Public housing is not a gift to those who cannot find shelter: it is an obligation of the commonwealth that asserts no person living in this country should be deprived of a decent home even if the market cannot provide it. Like public education, Social Security and the minimum wage, it says you will not suffer if you work hard and play by the rules.
At least, that’s how it started. It took a few wrong turns. Molded by racism, competition by private developers, and misguided, if well-meaning, changes in its structure, public housing changed after the 1940s. In big, urban centers, towers were built on less desirable and isolated sites; the very poor were gathered and secluded.
At the same time, there were massive social changes – from white flight and suburbanization to the deindustrialization of many cities. In large public housing developments around the country an artificial world was created, characterized, it seemed, by crime, no work and little hope.
Then along comes “deconcentration” policy, Edward Goetz tells us: a simple solution whose execution was, at best, stymied by politics, racism and the ever-present lack of resources. At worst, some contend, it gave cover to displacement of the poor, acquisition of once blighted but now coveted land by developers, and the abandonment of public housing by the federal government.
Deconcentration policy has been a driver of our 10-year public housing experiment: HOPE VI. And if any HOPE VI project can be emblematic of the program, it is Chicago’s. With about 20,000 units in high-rise buildings to be razed, many already down, the most challenging and important issue remains unsettled – what happens to the residents.
In spite of promises of “a better life,” Sudhir Venkatesh and Isil Celimli show us that many of the residents of Chicago’s public housing are not making gains. They are not doing well in the private housing market. Many want to return to the places they’ve called home for lifetimes. For some the problems of transition are due to the lack of resources. But those who send their children back to the underperforming schools of the old neighborhood and who return to the network of friends and relatives they’ve left belie a fundamental premise of the policy at the heart of HOPE VI – that the old neighborhoods are only made up of burnt-out buildings, pathologies and hopelessness.
It is certainly a familiar premise. If you only looked at real estate values and crime reports, it might be hard to argue. But neighborhoods, even public housing neighborhoods, are flesh and blood communities. When neighborhoods are torn, Mindy Fullilove explains, culture and memory are ripped apart. This pattern is not new to HOPE VI or Chicago. Urban renewal tore through neighborhoods like Pittsburgh’s Hill District and pulled up the roots of families and institutions. That pain remained in the Hill when, many years later, HOPE VI arrived. But the memories of a community displaced were still alive and helped the current residents of the Hill to drive its public housing redevelopment program, instead of being driven by it. Patricia Murphy tells us that winning story.

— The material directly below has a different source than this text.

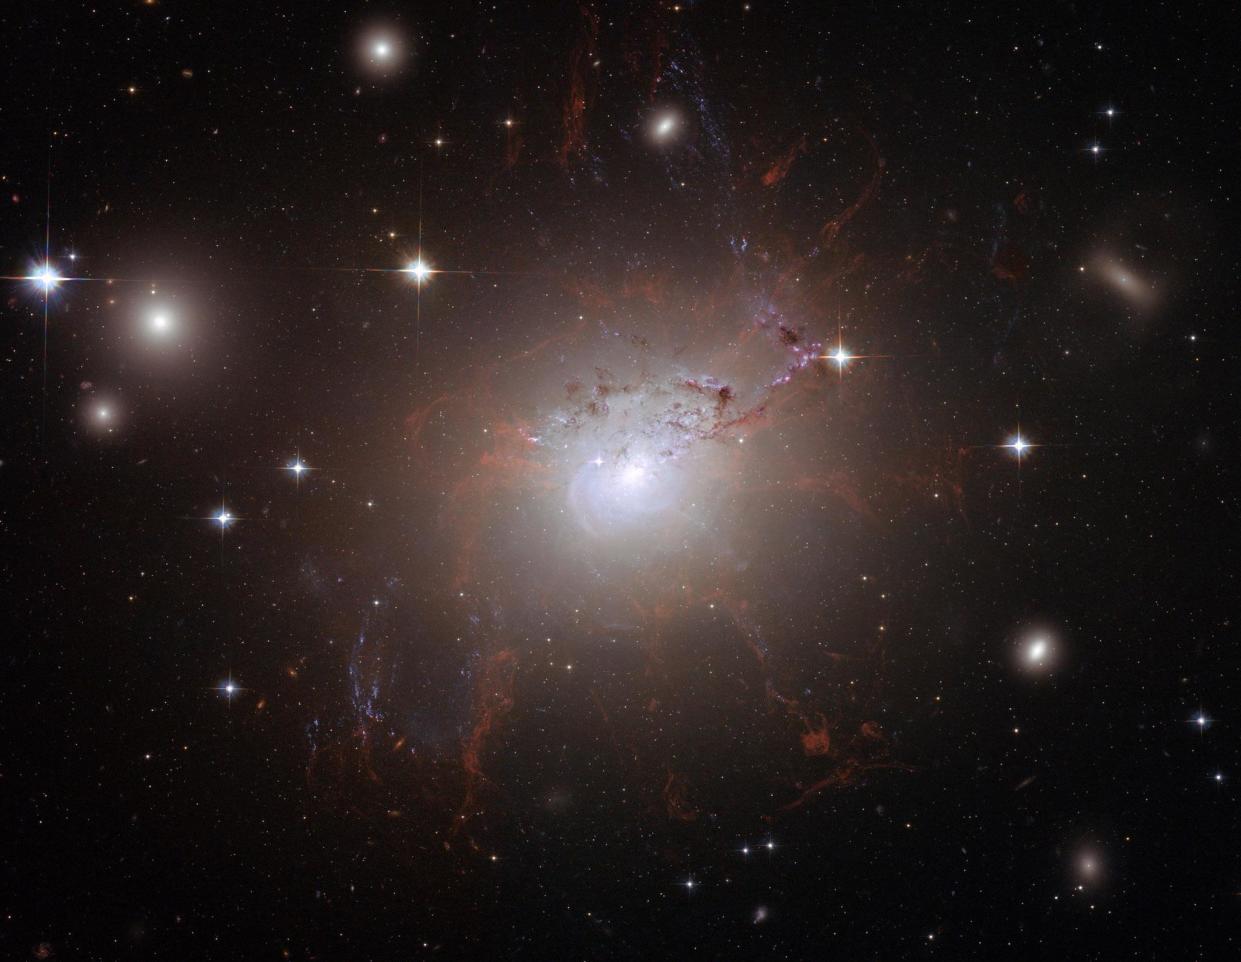 This handout image of the giant, active galaxy NGC 1275, obtained August 21, 2008 was taken using the NASA/ESA Hubble Space Telescope?s Advanced Camera for Surveys in July and August 2006: NASA/ESA via Getty Images

Perhaps these essays will inform our work in neighborhoods, with or without public housing. As we “revitalize” these places, we must be ever aware of what’s really in front of us and how deeply go the roots of all communities.
Which brings us back to the commonweal. I like that old word. It’s about getting ahead by forming a circle together, instead of climbing over each other. It’s the civil society writ large. It’s very liberal.
We’ve had a lot of analysis recently suggesting the election’s outcome would have been different had we, for example, used the right language or organized more effectively. All true, and we did come close. Maybe the strongest lesson comes from Florida where a candidate for president who is not a champion of low-income workers won at the same time that voters approved a significant increase in the state’s minimum wage.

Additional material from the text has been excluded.